Le bottegucce e i venditori della festa di ieri non sono ancora partiti. Hanno passato la notte in mezzo al cortile accendendo fuochi, chiacchierando, cantando e suonando.

È una notte di luna nuova. Quando mi sono messo al posto dove faccio la mia preghiera quotidiana, mancava ancora molto tempo all'aurora: tutto attorno era buio profondo. Le stelle del cielo trasparente, senza pulviscolo, senza nebbia, brillavano come la veglia, senza preoccupazioni, degli occhi instancabili di Dio. In mezzo al cortile qualche fuoco mandava la sua luce. La gente della festa ormai passata alimentava il fuoco con foglie secche.

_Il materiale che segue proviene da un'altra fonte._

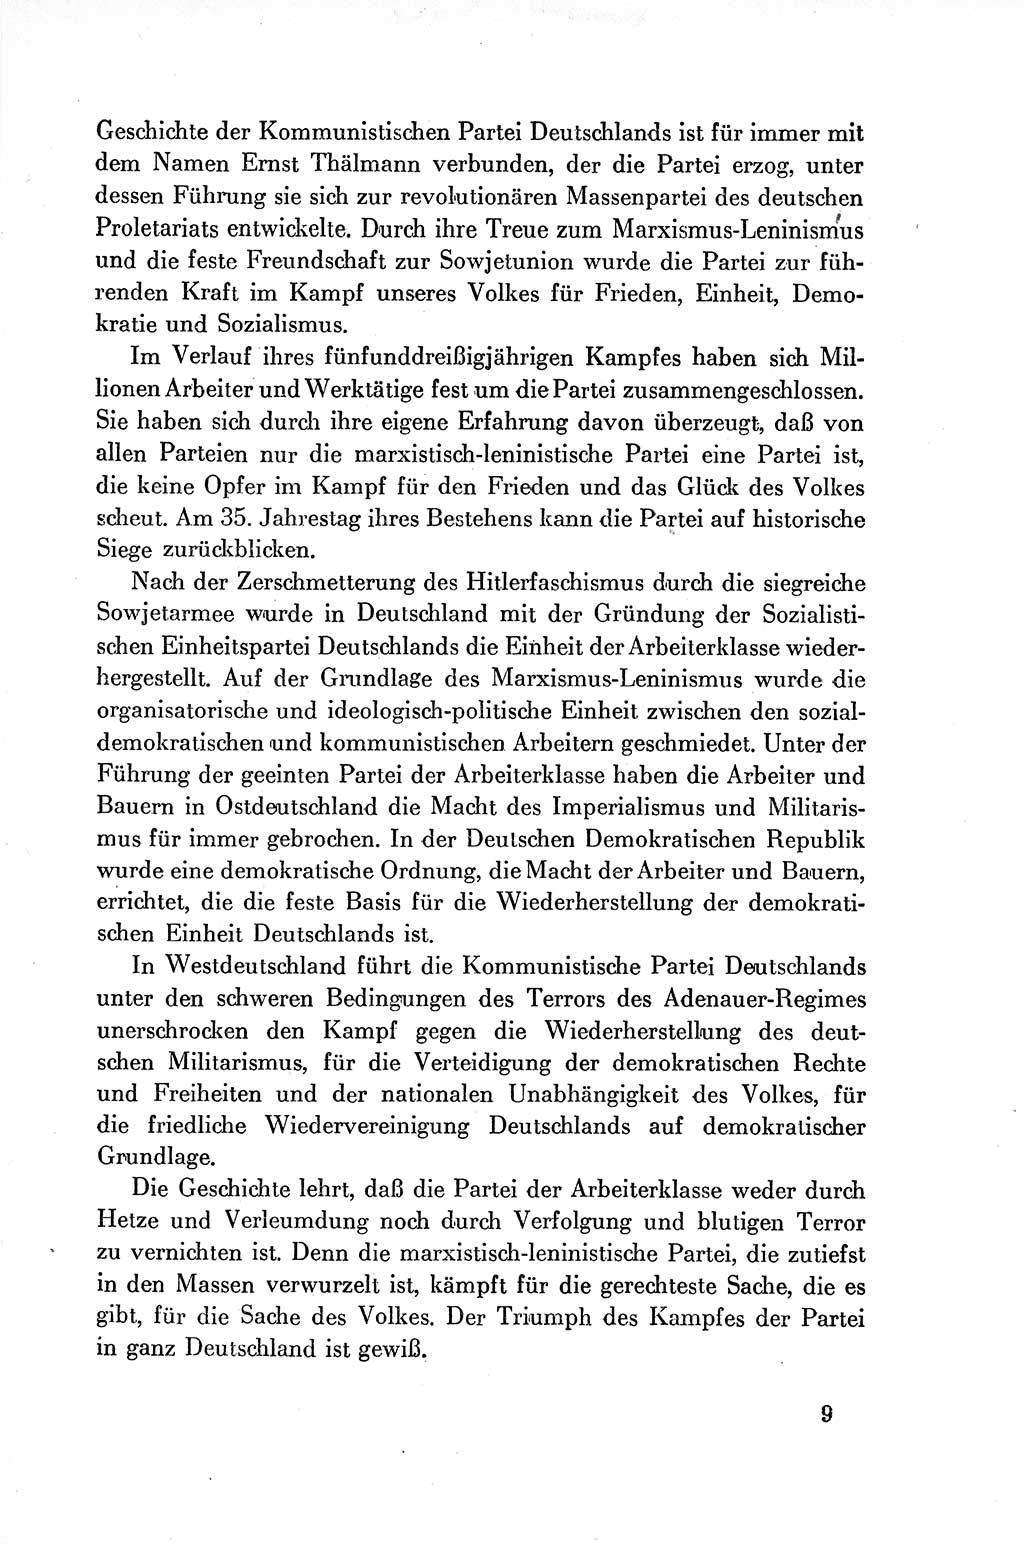 Dokumente der Sozialistischen Einheitspartei Deutschlands (SED) [Deutsche Demokratische Republik (DDR)] 1954-1955, Seite 9 (Dok. SED DDR 1954-1955, S. 9)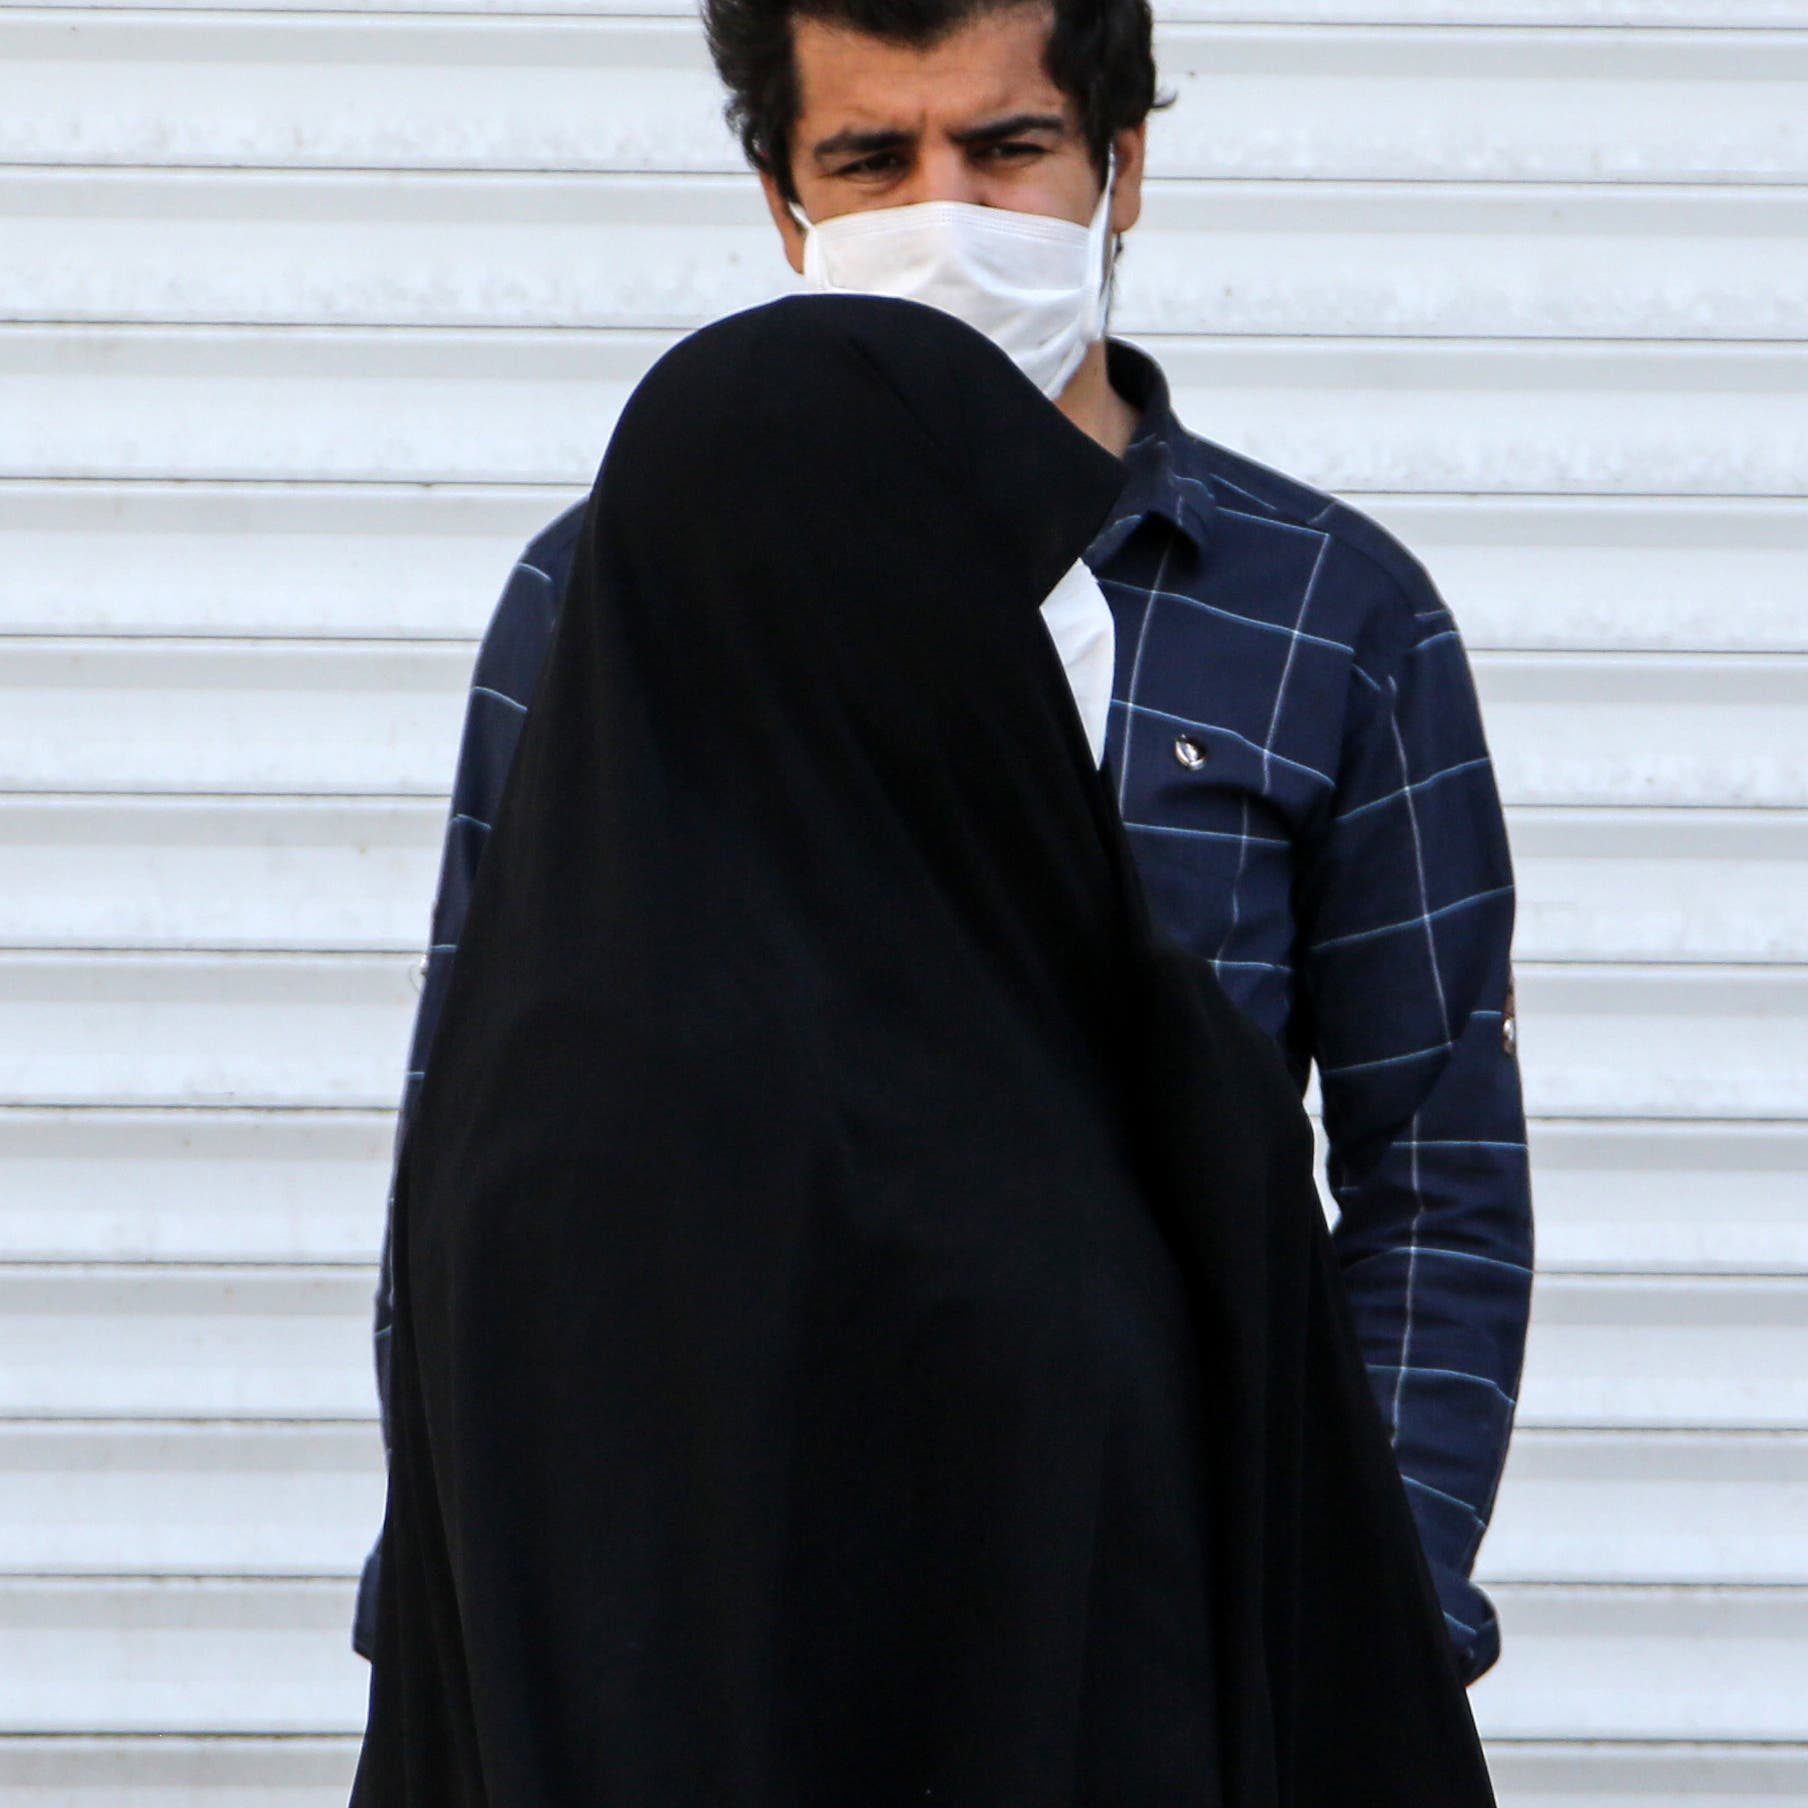 إيران تغص بالإصابات.. وعين السلطة على "الآداب"

Gli altri giorni, in questi momenti prima dell'aurora, c'erano tanta pace e tanto silenzio. Quando tutti gli uccelli del bosco si risvegliano, il loro canto non disturba questa quiete, né il fruscio delle foglie dalla foresta mosse dal vento turbano questa pace.

Invece, perché il mormorio di alcuni uomini rompe la serenità dell'aurora? Il contemplativo, per meditare, non cerca un posto senza uccelli e senza animali, ma cerca un posto senza uomini. Perché?

Questa è la ragione: non c'è unione perfetta tra l'uomo e la natura dell'universo. L'uomo non cammina a tempo, in ritmo con il flusso dell'universo. Perciò l'uomo turba in ogni parte le acque del cosmo. Egli non può stare in silenzio, senza dire parole, come le stelle; non può star fermo, senza muoversi, come la quercia. Il suo essere avanza sconvolgendo.

Dio ha voluto con l'uomo rompere un po' l'armonia dell'universo. Gli è piaciuto così! In mezzo ai nostri cinque elementi primordiali ha infuso un po' d'intelligenza, ha messo un po' d'orgoglio: così noi fummo separati dall'universo; per questo le nostre linee si sono spezzate. Non possiamo più camminare in accordo con gli astri. Dove noi siamo, siamo noi: non possiamo dimenticarlo.

Perché Dio, spezzata l'armonia, ci ha messi in una sola casa con la natura e dobbiamo, dalla mattina alla sera, camminare nella confusione del nostro lavoro?

Perché è stata spezzata l'armonia, non c'è pace nell'universo, nella nostra stessa natura. Dentro di noi si alzano voci: «Voglio, voglio, voglio»! Il corpo dice: «Voglio»! La mente dice: «Voglio»! Il cuore dice: «Voglio»! Non c'è un momento di riposo per queste voci. Se ci fosse una unione indissolubile con il tutto, non ci sarebbero in noi mille voci di desideri. Questa mattina nell'oscurità dell'aurora ho sentito in ogni parte questo bisbiglio di voleri svariati, tante grida di necessità: «Oh, dov'è la mucca? Dammi un po' di fuoco! - Dammi del tabacco! - Chiama il carro! - La pentola è rovesciata »!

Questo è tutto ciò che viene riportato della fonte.